Obama Alums Lobby Against Open Skies

Fail to get anticompetitive tax into Senate bill

Delta planes sit on the tarmac at LaGuardia Airport
Delta planes sit on the tarmac at LaGuardia Airport / Getty Images
December 5, 2017

A powerful public relations firm run by former Obama aides is running a campaign against open skies agreements, which have brought greater competition and lower airfares for Americans.

The firm SKDKnickerbocker, run by former Obama White House communications aides Anita Dunn and Bill Burton, is working on behalf of legacy carriers Delta, American, and United Airlines. SKDKnickerbocker is one of several Democratic lobbying firms representing the Partnership for Open and Fair Skies, which for over two years has asked the federal government to freeze new routes of its competitors and limit open skies agreements with Qatar and UAE.

A lobbying effort tried but failed to insert a provision in the final Senate tax cut bill that would have taxed Gulf carriers, opening the door for reciprocal taxes against U.S. airlines and cargo carriers, opponents of the tax said.

The legacy carriers—Delta, American, and United—have spent millions lobbying both the past and present administration to restrict the open skies agreements with Qatar Airways, Emirates Airline, and Etihad Airways. They say the Gulf carriers are unfairly subsidized, allowing for artificially low ticket prices.

However, the legacy carriers have never filed an official complaint with the Department of Transportation, which could assess potential violations through an independent 180-day review of the existing open skies agreements.

Eliminating government regulation over international air travel through open skies agreements have generated at least $4 billion in annual gains to travelers, according to a study by the Brookings Institution.

The partnership has "spent lavishly" against open skies agreements, hiring several Democratic firms, including $1.7 million with SKDKnicerkbocker, and other firms run by former Obama and Hillary Clinton aides. The Partnership for Open and Fair Skies also paid Beacon Global Strategies, led by Clinton alum Philippe Reines, $280,000, and $620,000 to the Messina Group, founded by Jim Messina, Obama's 2012 campaign manager.

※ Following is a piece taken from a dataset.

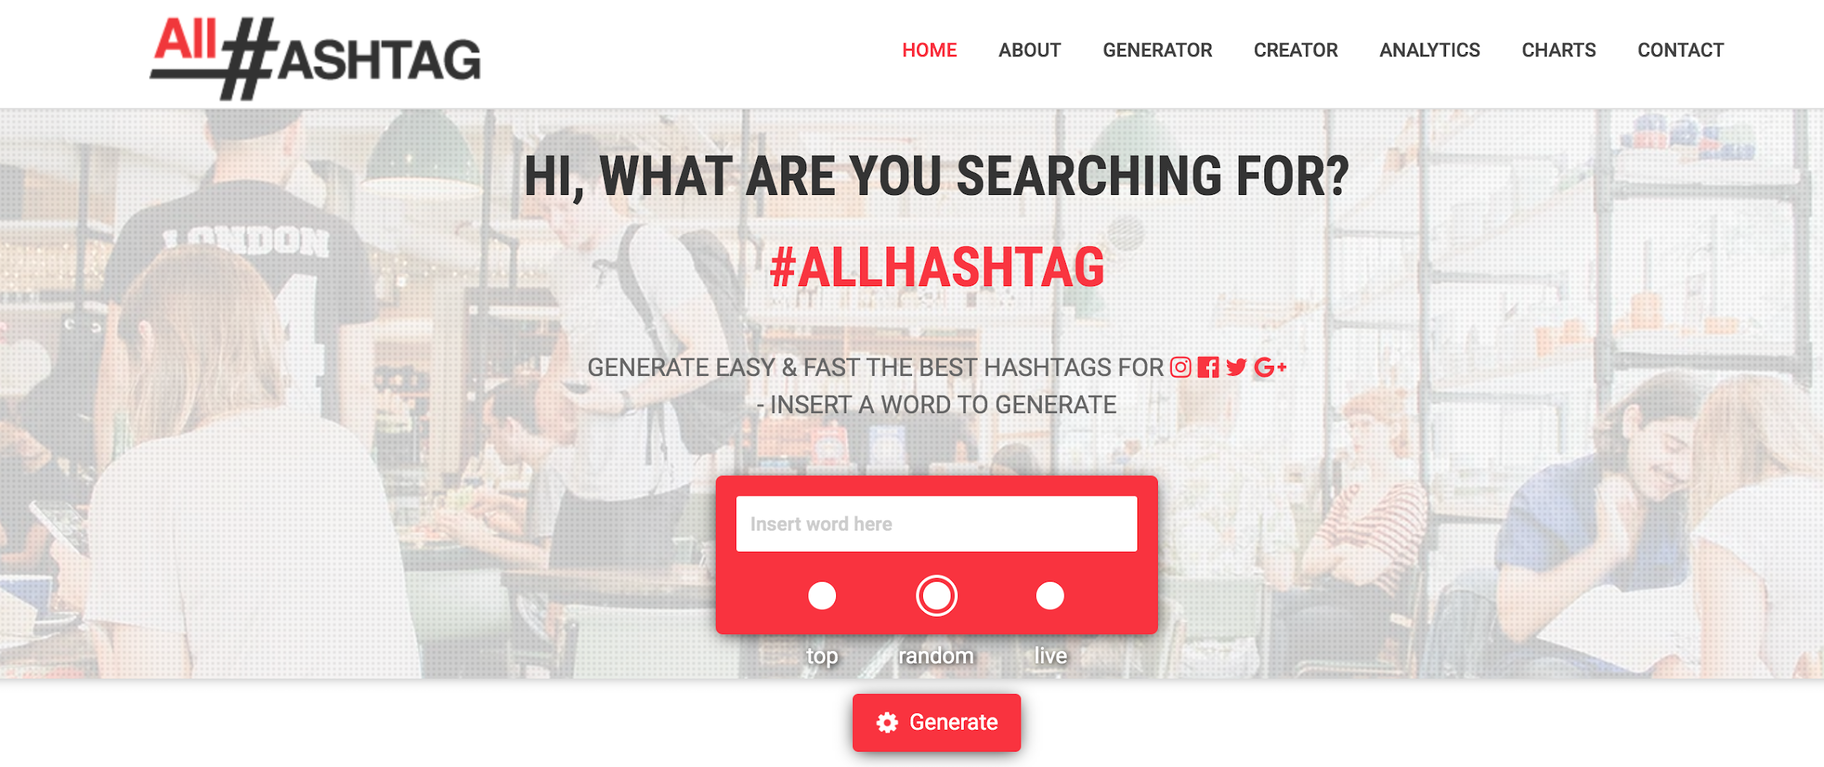 allhashtag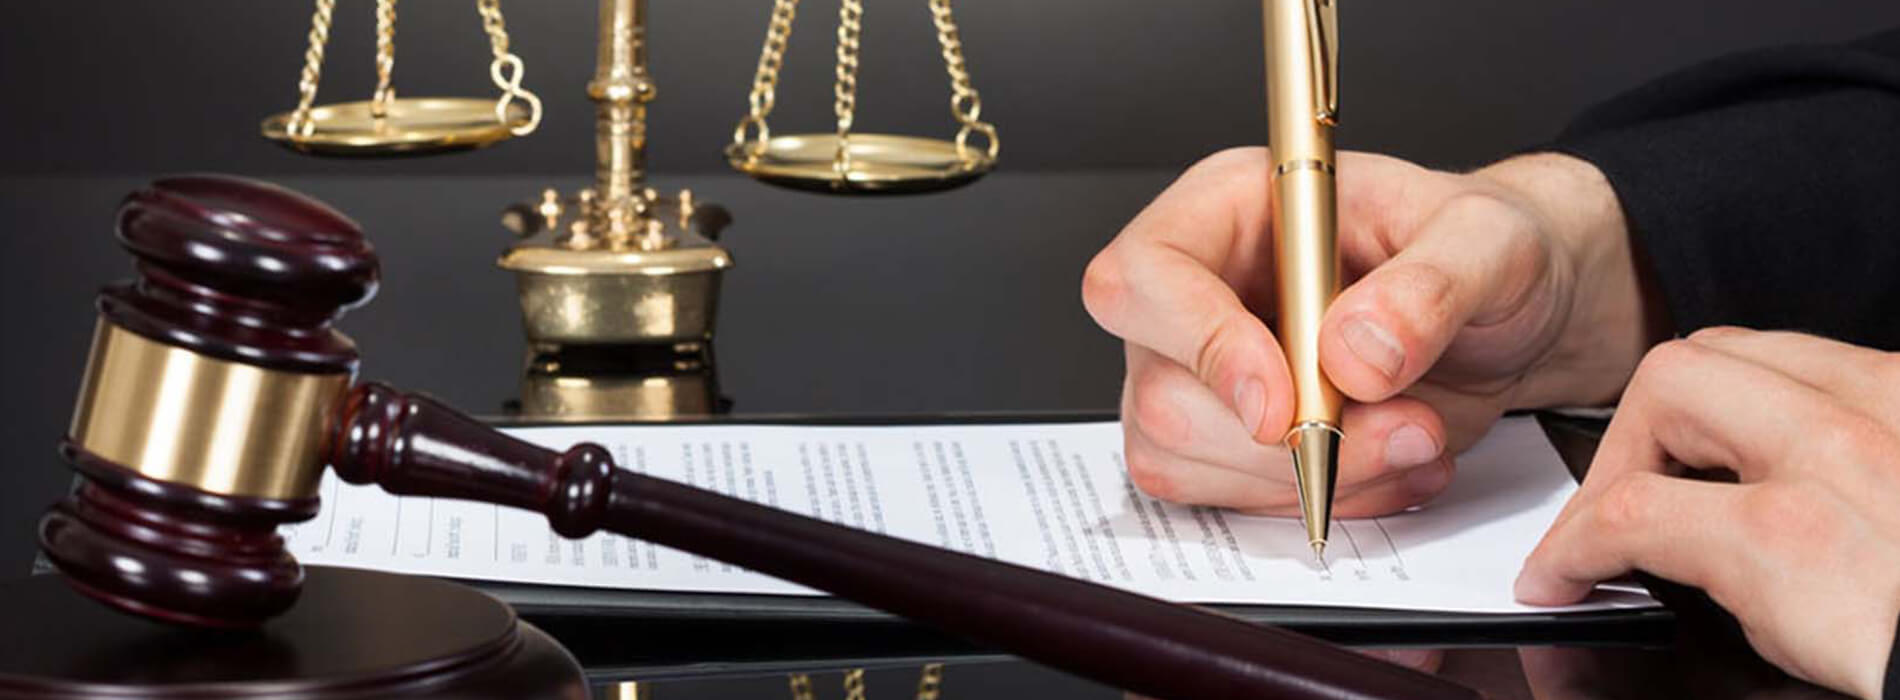 Incredible Legal/Non-Legal Interpreting Services

Its spokesperson is SKDKnickerbocker's Jill Zuckman, also a former official in the Obama Department of Transportation. The CEO of American Airlines Doug Parker donated $15,000 to Clinton's campaign, and former Delta CEO Richard Anderson contributed $353,400 to a pro-Hillary Clinton Super PAC and $33,400 to the Democratic National Committee last year.

Anita Dunn, the former Obama White House communications director, and Bill Burton, a longtime Obama aide, are both managing directors at SKDKnickerbocker. A private-equity firm controlled by Mark Penn, the chief strategist for Hillary Clinton's failed 2008 campaign, purchased SKDKnickerbocker in 2015.

After failing to convince the government to reopen the open skies agreements, lobbyists tried to use a signature piece of Republican legislation as a vehicle to benefit legacy carriers. A provision was added into the Senate tax reform bill targeting Gulf carriers with a $200 million tax over a decade.

A coalition of U.S. passenger and cargo carriers that supports open skies agreements said the tax meant to target the big three Gulf carriers would have unintentionally hit up to 14 other countries and led to retaliatory taxes on U.S. companies.

"This is another poorly veiled attempt by Delta to shield itself from competition and circumvent the established Department of Transportation process to review legitimate subsidy claims," said Andrea Christianson, spokesperson for U.S. Airlines for Open Skies, which represents Atlas Air Worldwide, FedEx, Hawaiian Airlines, and JetBlue Airways.

"This special interest ploy was designed to hurt the Gulf carriers but would actually impact airlines from as many as 14 countries and territories, such as Jordan, Ethiopia, and Malaysia," she said. "In addition, the provision opens the door to retaliatory taxes that would harm U.S. airlines, particularly U.S. cargo carriers."

"Delta appears unconcerned about the collateral damage of its multimillion-dollar lobbying campaign, but Congress should be," Christianson added.

The provision was ultimately removed before the Senate voted to approve the tax cut bill by a 51-49 vote early Saturday morning.

Reached by email, Zuckman said the Partnership for Open and Fair Skies would not be commenting on the tax provision.

Scott Reed, a Republican strategist, is lobbying on behalf of the Partnership for Open and Fair Skies. CRC Public Relations is also promoting the effort.


"We're happy to be a part of a bi-partisan group of Republicans and Democrats who are dedicated to seeing our Open Skies agreements enforced," said CRC President Greg Mueller. "The United States cannot stand idly by as foreign governments pour billions in subsidies into their national airlines in violation of existing trade agreements. This distorts the market and costs American jobs, something that should be odious to all citizens of our country."

Update Dec. 6, 2017, 2:28 p.m.: This post has been updated to clarify certain information.